Diduga Menyediakan Wanita Penghibur, Lapo Tuak Molen Didemo Warga Sibuluan Nauli

  • Bagikan
Foto : Ribu bersama warga menggelar aksi didepan lapo tuak Molen.

Kantong Berita, TAPTENG-Warga Kelurahan Sibuluan Nauli, Kecamatan Pandan, Kabupaten Tapanuli Tengah (Tapteng), Sumatera Utara berunjuk rasa di depan sebuah warung tuak yang diketahui milik David Butar-butar alias Molen, Selasa (26/5).

Demo tersebut merupakan lanjutan aksi warga sebelumnya, yang memaksa warung tuak yang diduga menyediakan wanita penghibur tersebut ditutup.

Ribu Simatupang, pimpinan aksi dalam orasinya mengatakan, kedatangan mereka di tempat tersebut untuk menyuarakan keluh kesah masyarakat Kelurahan Sibuluan Nauli.

Yang mendukung penuh program Bupati Tapteng, Bakhtiar Ahmad Sibarani dalam memberantas Narkoba, Cafe remang-remang, tempat Prostitusi dan dugaan perdagangan anak.

Baca Juga :   Di Tapteng, Polwan Bagi Sembako; Khusus Warga Kurang Mampu Terdampak Covid-19

Warga mendesak Polres Tapteng agar ikut memberantas penyakit masyarakat tersebut serta memproses para pelaku sesuai hukum yang berlaku.

“Jadi bapak ibu sekalian, menyikapi yang terjadi selama ini masyarakat Kelurahan Sibuluan Nauli, Kecamatan Pandan, siap tidak berbuat apa-apa.
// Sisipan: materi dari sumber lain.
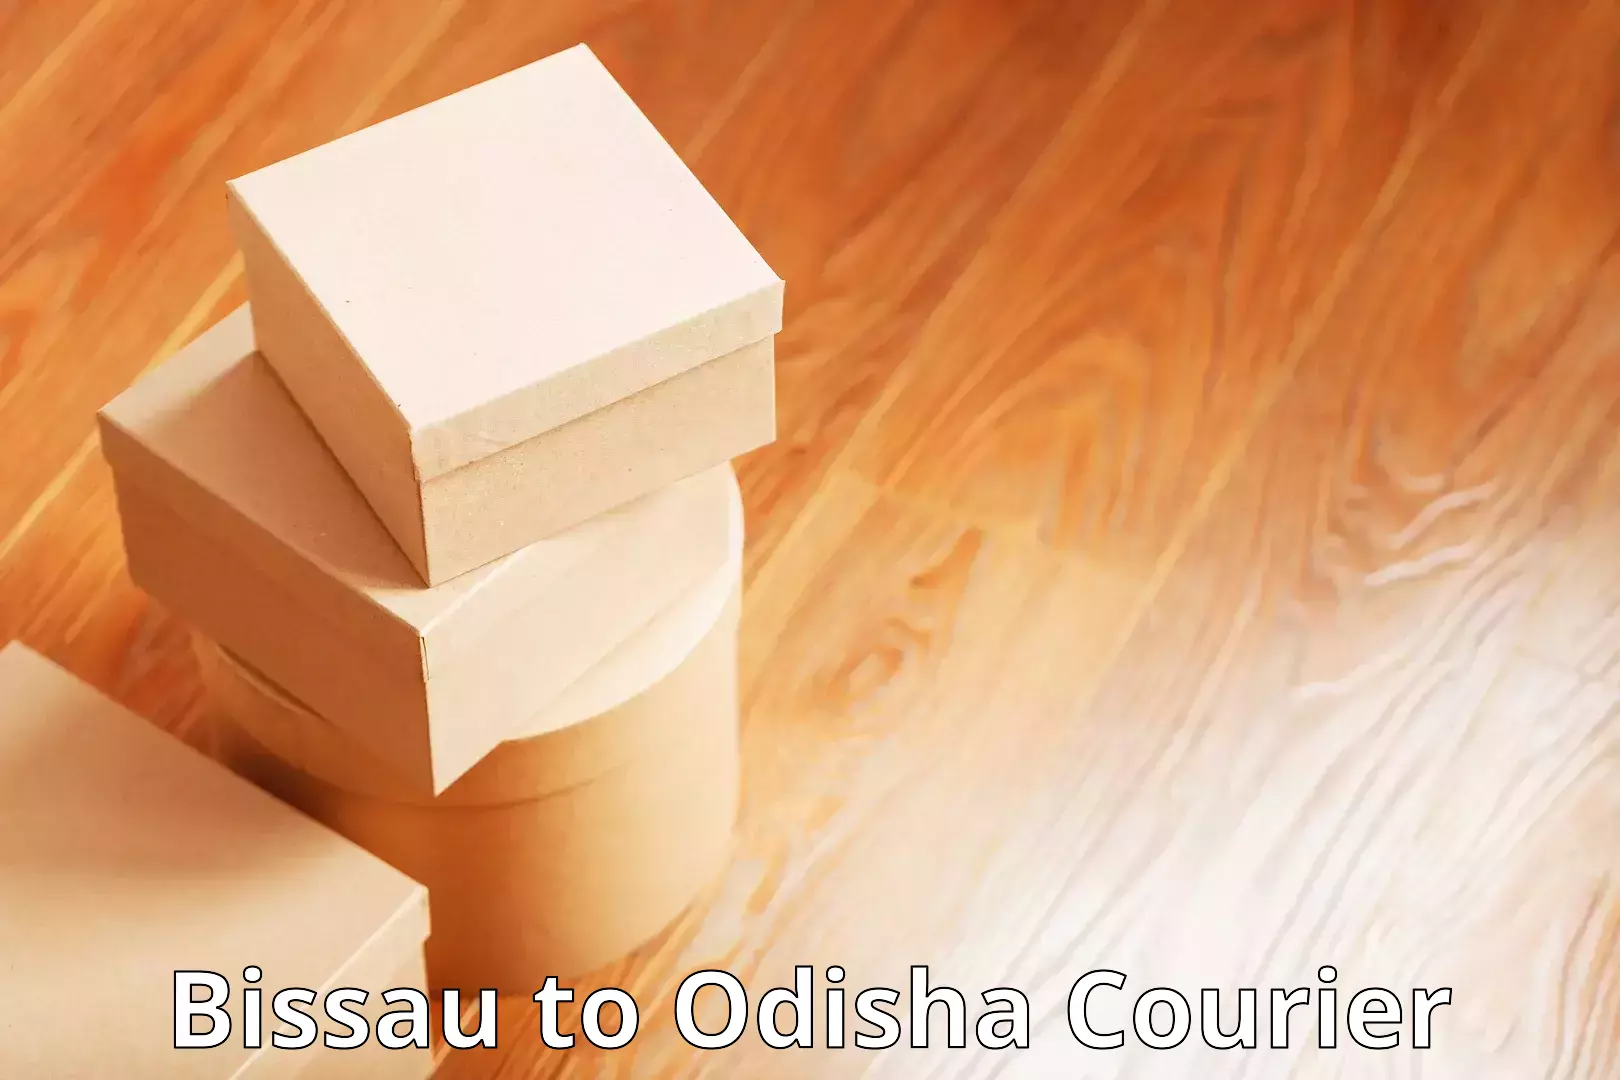 Efficient order fulfillment Bissau to Odisha

Padahal di kelurahan ini telah terjadi banyak pelanggaran-pelanggaran. Salah satunya ada cafe, diduga Cafe Remang-remang, mempekerjakan wanita sampai larut malam, hingga jam 3 sampai pagi, dengan berkedok Lapo Tuak,” seru Ribu dalam orasinya.

Menyambung orasi Ribu Simatupang, Penatua Kampung, bermarga Panggabean mengajak seluruh warga untuk menjaga Kampung tetap bersih dari praktek maksiat.
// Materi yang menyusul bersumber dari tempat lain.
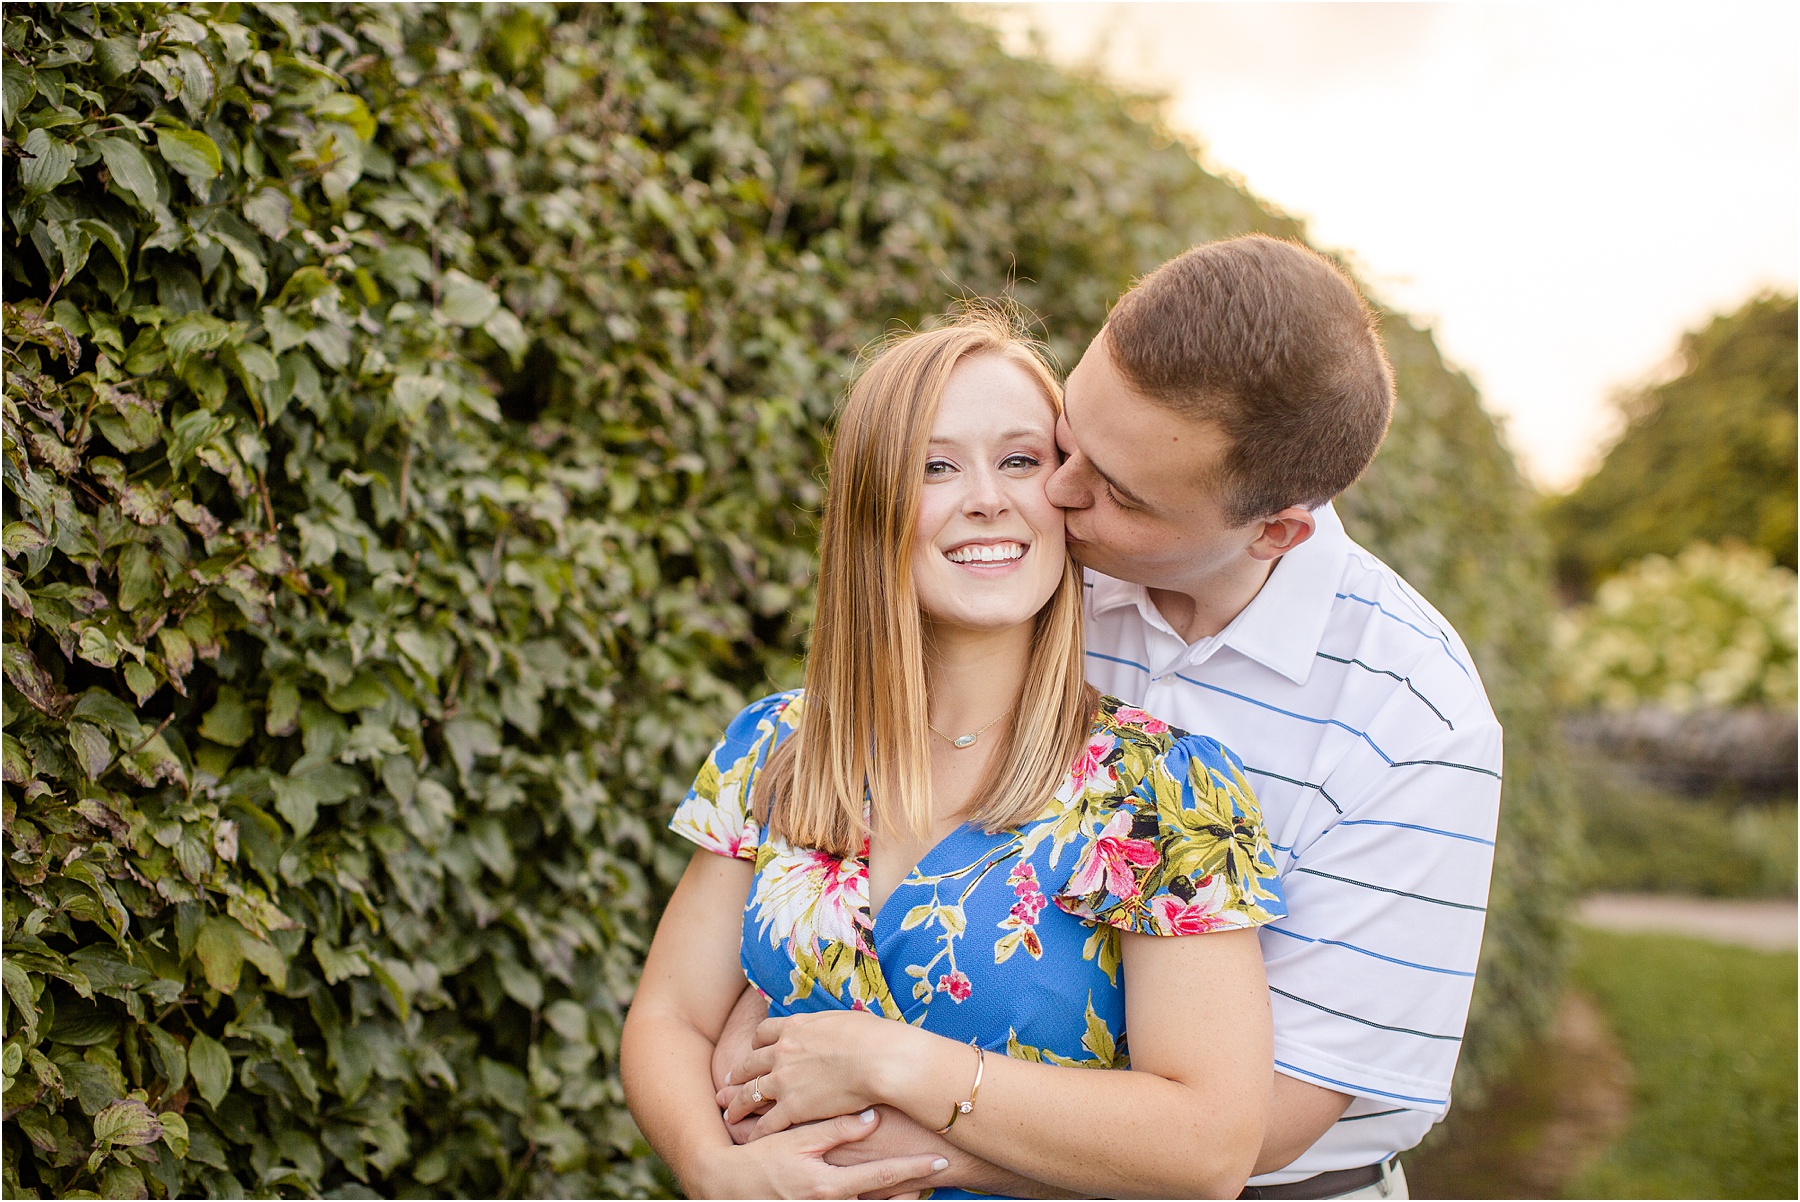 Guy kissing girls cheek in Kentucky for engagement photos

Baca Juga :   Musnahkan 14 Mesin Judi; Bupati Tapteng Nyatakan Perang Terhadap Judi

“Jadi marilah sama-sama kita mempertahankan kampung kita ini, supaya bersih, damai, aman dan tertib,” imbuhnya.

Sementara itu, Lurah Kelurahan Sibuluan Nauli, Lasak Lisbeth Sirait berharap yang terjadi, Selasa (26/5) dini hari merupakan kejadian terakhir.

Dan untuk sementara, lapo tuak tersebut ditutup sesuai peraturan daerah yang berlaku.

“Jadi tempat ini ditutup sesuai dengan peraturan,” tegas Lasak.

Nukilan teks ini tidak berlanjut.